Let’s start with a simple `makeBigString(...)`

function, which expects six values and returns a string with all of them.

```
const makeBigString = (a, b, c, d, e, f) => `${a}${b}${c}${d}${e}${f}`;
const partialMakeBigString = partial(makeBigString);
/*
* Or write:
*
* const makeBigString = partial((a,b,c,d,e,f) => `${a}${b}${c}${d}${e}${f}`);
*
*/
```

Then, you can write:

```
partialMakeBigString(undefined,2,undefined,undefined,5)(undefined,3)(1,4)(6);
// result is "123456"
```

Let’s follow what is happening here, step by step:

- first,
`partialMakeBigString(undefined,2,undefined,undefined,5)`

returns a new version of the original function that fixes its 2nd and 5th parameters, leaving all the rest undefined. - calling that function with
`(undefined,3)`

fixes its 2nd parameter (which actually is the 3rd parameter of the original function) and produces a new function that still expects three more parameters - calling the latest function with
`(1,4)`

fixes the first two of the three parameters and produces a new function that needs just one parameter - providing
`(6)`

to the last function actually finishes fixing all the parameters of the original function, which is then called to produce`"123456"`

.

How would we do our original taxes example?

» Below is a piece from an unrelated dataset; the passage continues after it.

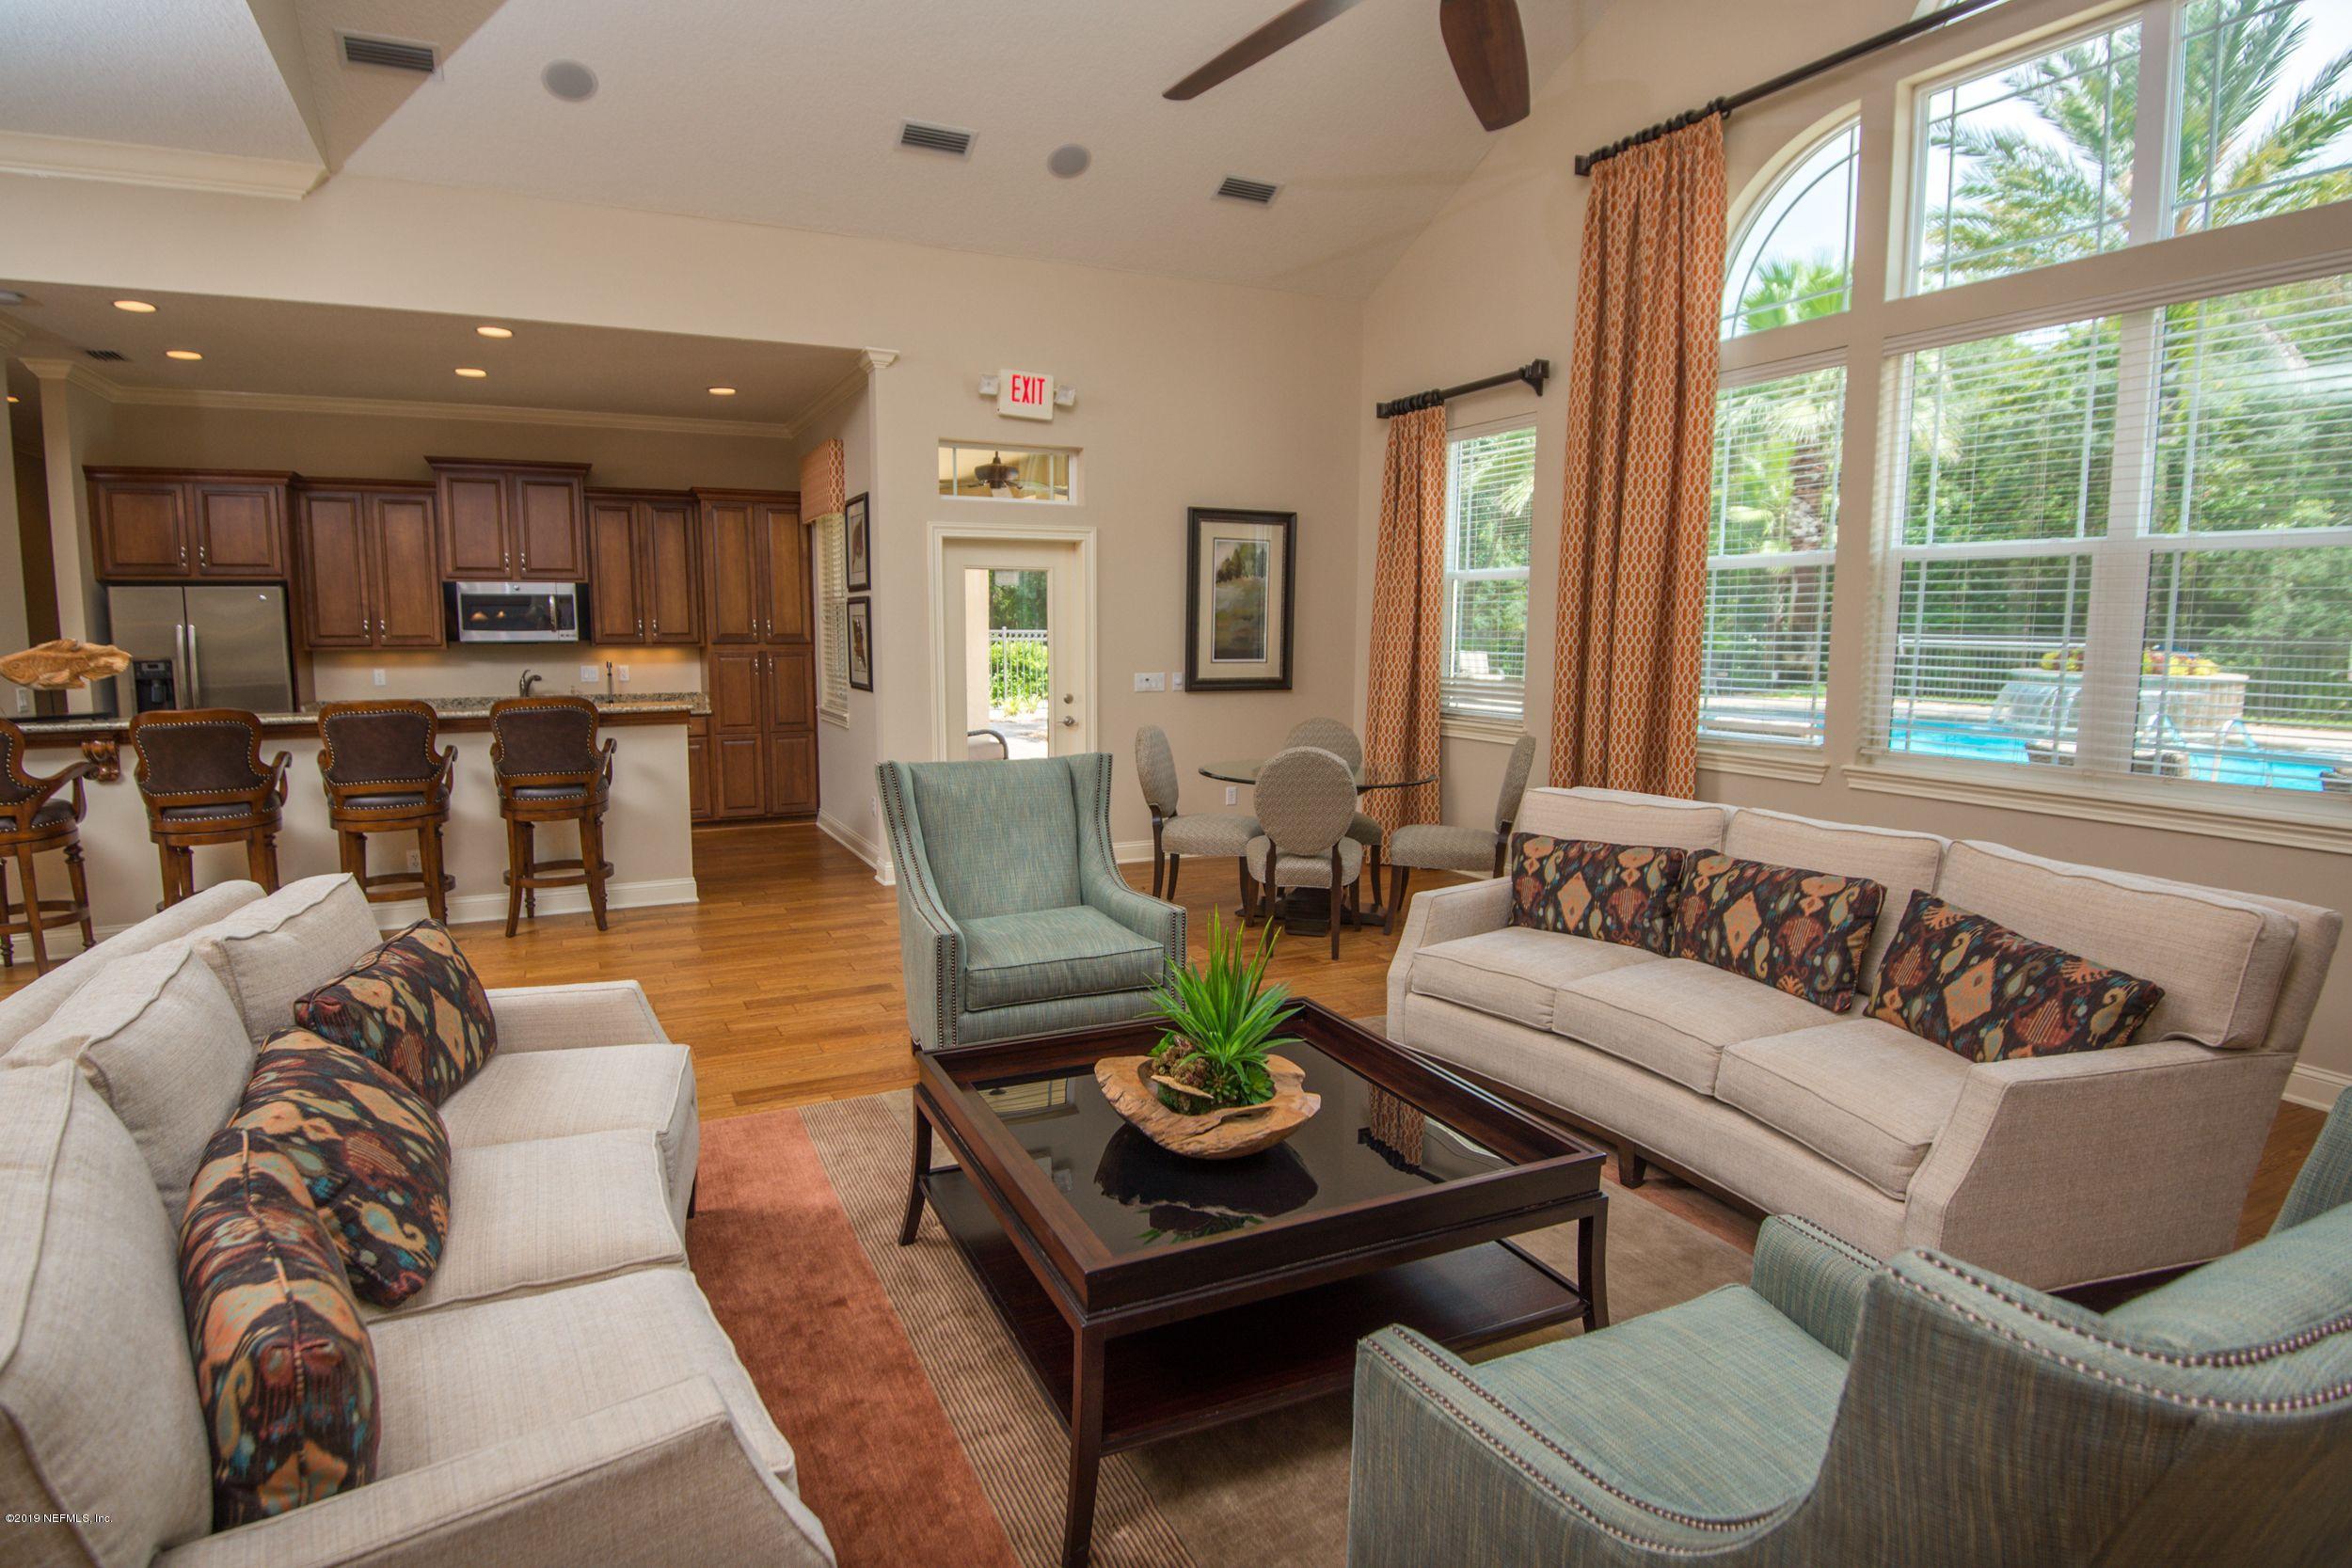 31 ANACAPA, ST AUGUSTINE, FLORIDA 32084, 2 Bedrooms Bedrooms, ,2 BathroomsBathrooms,Residential,For sale,ANACAPA,1031775

There are two ways. We could use partial application when defining `addUruguayTax(...)`

as in:

`const addUruguayTax = partial(addTax)(undefined, 22);`

Or (better yet, in my opinion) we could have defined `addTax(...)`

from the beginning to allow partial application:

```
const addTax = partial((moneyAmount, taxRate): number => {
return moneyAmount + moneyAmount * rate / 100;
})
```

Both solutions work, but I think the first one is harder to understand—having two sets of parentheses in a row is not common.

## Conclusion

Partial application is an interesting technique that simplifies working with functions, whenever you foresee the possibility or need for providing just a few parameters at a time, producing a function that, at a later time, will receive the pending rest. Implementation takes advantage of closures and recursion, highlighting all the facilities JavaScript includes to allow very functional ways of working!